'A lot of bad boys grow up to be good men' (WOP).
The main reason that bad boys develop into decent adults is because of good mentorship. The first mentor is usually a father or father figure. If the father is brutal and violent then it may be his example that a boy follows. If there is no family then a gang or group might replace that family. That group might be a street gang or a football supporters group or even a regiment in the army. If the leaders of those groups encourage violence and brutality in order to belong then a boy will become a violent and brutal man. If on the other hand the leaders combine their authority with strength and decency they will create strong and decent followers.
Young men don't think they are bullies they are often attempting to be like their leaders or mentors. They usually resent official authority figures such as teachers, priests and policemen. If they are going to change they have to be guided by those they admire, people they will listen to; sportsmen, soldiers and adventurers.
'Bully' is a word that everyone thinks they understand; they also think that the word doesn't apply to them, However, when an individual recommends that a bully be beaten and brutalised by the authorities or by vigilanties that person is acting out of anger for the purposes of revenge. If a bully is defeated by his victim in a fight or even hurt in the process of winning he will be deterred and I recommend that all victims learn how to defend themselves but if a figure of authority imposes violence on a young man who can't defend himself then the morality is questionable.
Most young men are scared of violence and spent extraordinary amounts of effort attempting to demonstrate the contrary. They are scared that their peers will know they are scared. It's very much an Anglo-Saxon trait linked to manhood and honour. Our young men don't have a right of passage to manhood, they don't know who to follow or how to behave. They are taught that all violence is wrong but watch their governments go to war. They are taught to walk away from trouble but are at a loss when 'trouble' runs across the street and attacks for no reason.

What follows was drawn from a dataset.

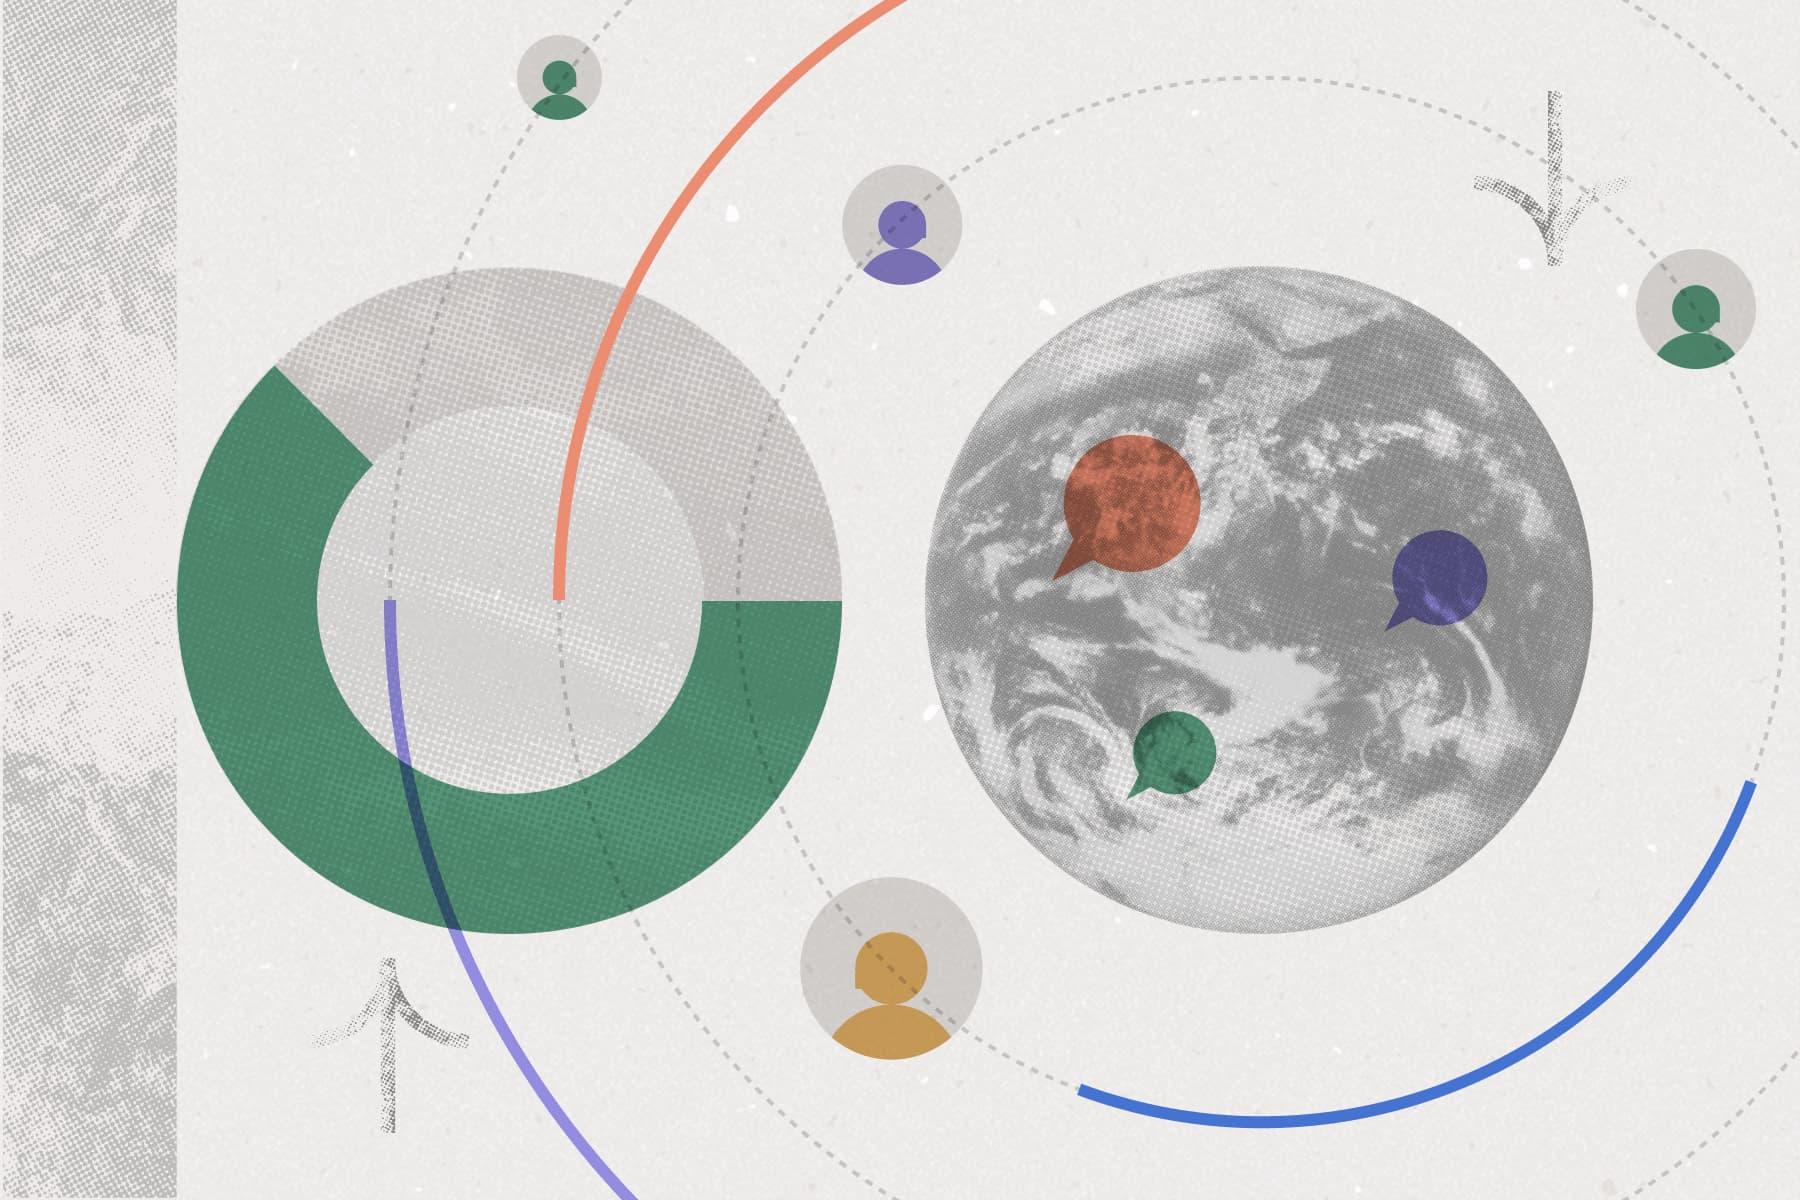 Anatomy of work remote teams survey article banner image

I had a few good mentors in the army I also had a lot of bad ones. I had a lot of good mentors in Martial Arts. I try to be a mentor today to those who are prepared to read or listen but I have to compete with anger and thoughtlessness. If you want your bad boys to be good men, find good mentors for them or be a good mentor, set a good and decent example all the time. Lead them towards admirable, experienced men. Young men need to be strong and capable in order to be confident and kind. They need strong confident, tough and kind leaders who will guide them in the best direction.
Decency has to be taught. Decent parents don't blame the state, the police or schoolteachers they look for solutions
To those who recommend violent punishment, I think you are mistaken. Violent punishment makes young men resentful and even more violent.